Scatterplot with marginal boxplots
Want to share your content on R-bloggers? click here if you have a blog, or here if you don't.
Using R and ggplot2 to draw a scatterplot with the two marginal boxplots
Drawing a scatterplot with the marginal boxplots (or marginal histograms or marginal density plots) has always been a bit tricky (well for me anyway). The approach I take here is, first, to draw the three separate plots using ggplot2:
- the scatterplot;
- the horizontal boxplot to appear in the top margin;
- the vertical scatterplot to appear in the right margin;
then second, to set widths and heights of the spaces used for axis and tick mark labels, and to combine the three plots using functions from the gtable package. The difficulty has been to ensure that the tick mark labels in the scatterplot panel and in the top marginal boxplot panel take up the same space. Functions from the gtable package make this a reasonably straightforward process.
To draw the following chart, I borrowed and modified code from here and here. The final code and data are available on GitHub.
Drawing the plot
This example uses the mtcars
dataframe, available in base R. For convenience, the file mtcars marginal boxplots.R on GitHub contains all the code. First, load the ggplot2 and gtable packages and the mtcars dataframe.
library(ggplot2) library(gtable) data(mtcars)
Draw the scatterplot.
The plot margins are adjusted so that the spaces between the panels are reduced. Also, there is an ever-so-slight mismatch of the gridlines across the panels. The way to fix it is to remove the offset on each axis (expand=c(0,0)
), then select an offset of your choice (expand_limits(...)
). There are similar adjustments made to the marginal plots.
p1 <- ggplot(mtcars, aes(mpg, hp)) + geom_point() + scale_x_continuous(expand = c(0, 0)) + scale_y_continuous(expand = c(0, 0)) + expand_limits(y = c(min(mtcars$hp) - 0.1 * diff(range(mtcars$hp)), max(mtcars$hp) + 0.1 * diff(range(mtcars$hp)))) + expand_limits(x = c(min(mtcars$mpg) - 0.1 * diff(range(mtcars$mpg)), max(mtcars$mpg) + 0.1 * diff(range(mtcars$mpg)))) + theme(plot.margin = unit(c(0.2, 0.2, 0.5, 0.5), "lines"))
Draw the marginal boxplots
Note that the margins and axis offsets are adjusted to match those in the scatterplot. Also, the tick mark labels and axis titles for the x-axis and the y-axis are removed.

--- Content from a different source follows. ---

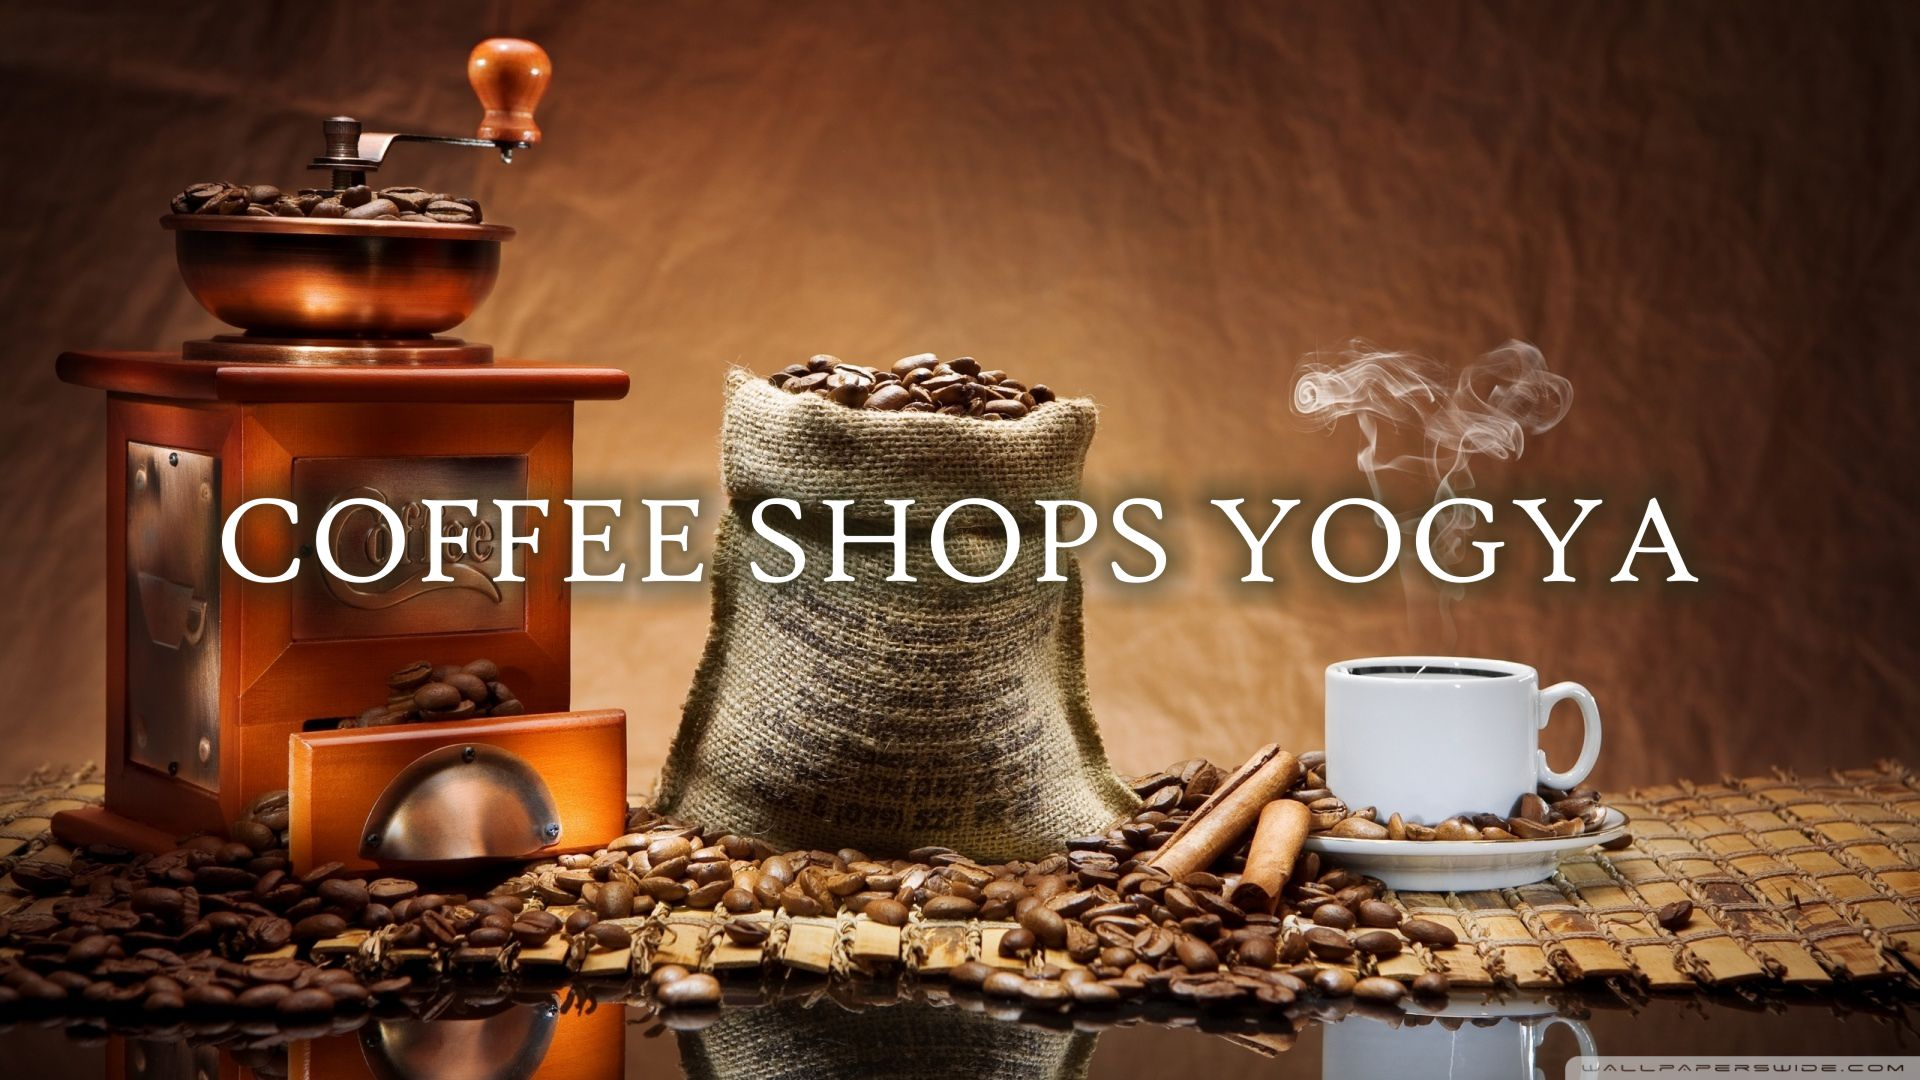 16 Tempat Ngopi Paling Asik di Jogja - COFFEE SHOPS YOGYA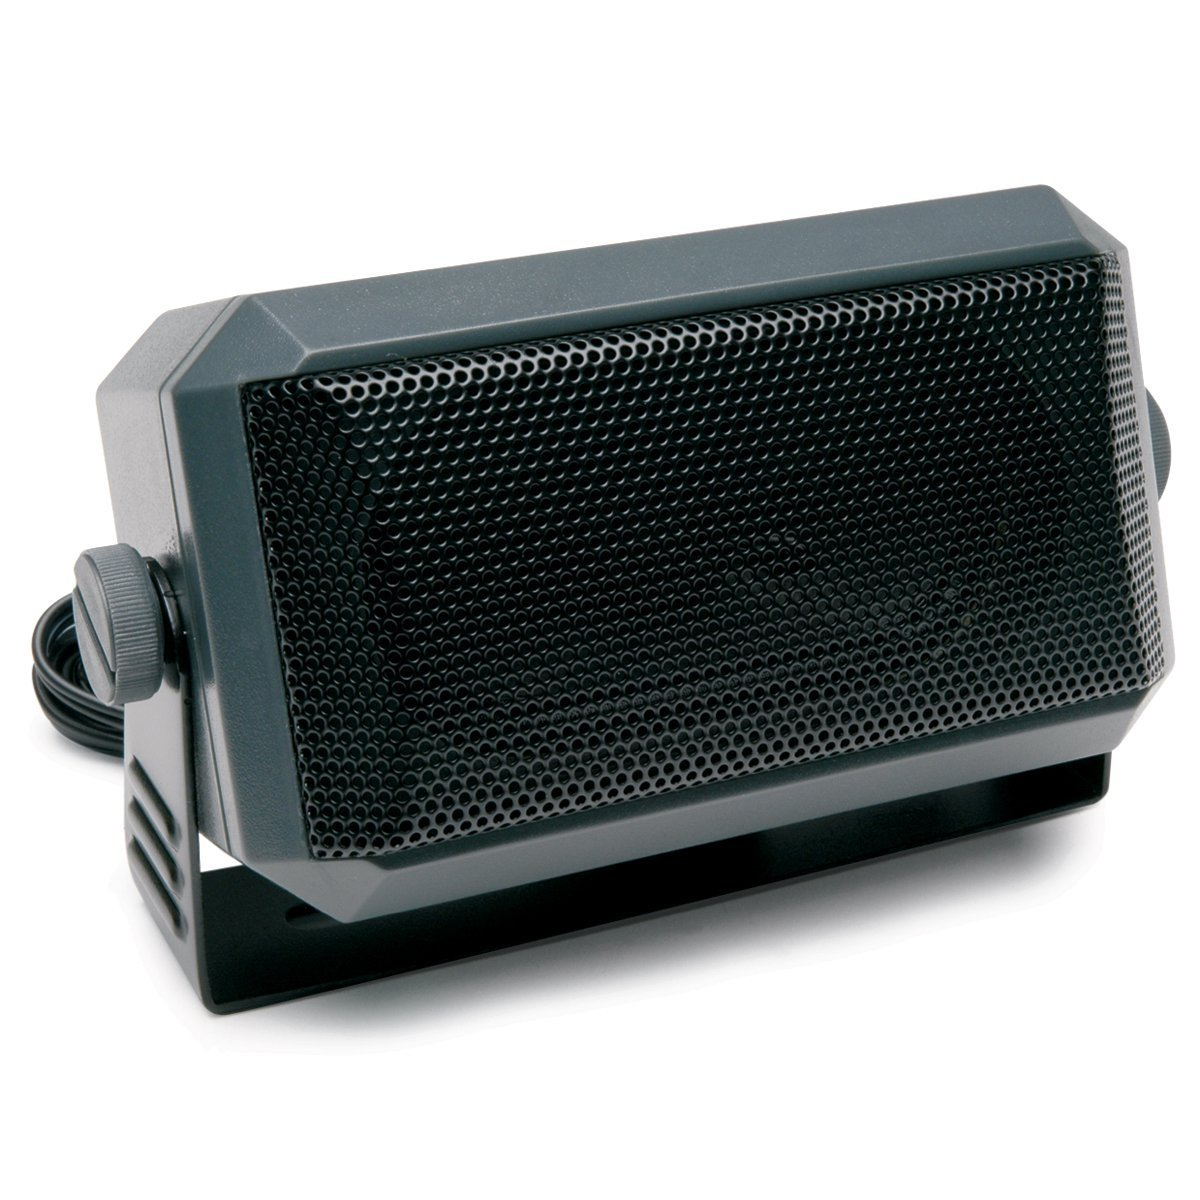 TOPMYS TM-ES604 CB Radio Speaker 8ohm 5W CB Extension Speaker with Swivel Bracket 1.85m cable 3.5mm Mono Plug

# Horizontal marginal boxplot - to appear at the top of the chart p2 <- ggplot(mtcars, aes(x = factor(1), y = mpg)) + geom_boxplot(outlier.colour = NA) + geom_jitter(position = position_jitter(width = 0.05)) + scale_y_continuous(expand = c(0, 0)) + expand_limits(y = c(min(mtcars$mpg) - 0.1 * diff(range(mtcars$mpg)), max(mtcars$mpg) + 0.1 * diff(range(mtcars$mpg)))) + coord_flip() + theme(axis.text = element_blank(), axis.title = element_blank(), axis.ticks = element_blank(), plot.margin = unit(c(1, 0.2, -0.5, 0.5), "lines")) # Vertical marginal boxplot - to appear at the right of the chart p3 <- ggplot(mtcars, aes(x = factor(1), y = hp)) + geom_boxplot(outlier.colour = NA) + geom_jitter(position = position_jitter(width = 0.05)) + scale_y_continuous(expand = c(0, 0)) + expand_limits(y = c(min(mtcars$hp) - 0.1 * diff(range(mtcars$hp)), max(mtcars$hp) + 0.1 * diff(range(mtcars$hp)))) + theme(axis.text = element_blank(), axis.title = element_blank(), axis.ticks = element_blank(), plot.margin = unit(c(0.2, 1, 0.5, -0.5), "lines"))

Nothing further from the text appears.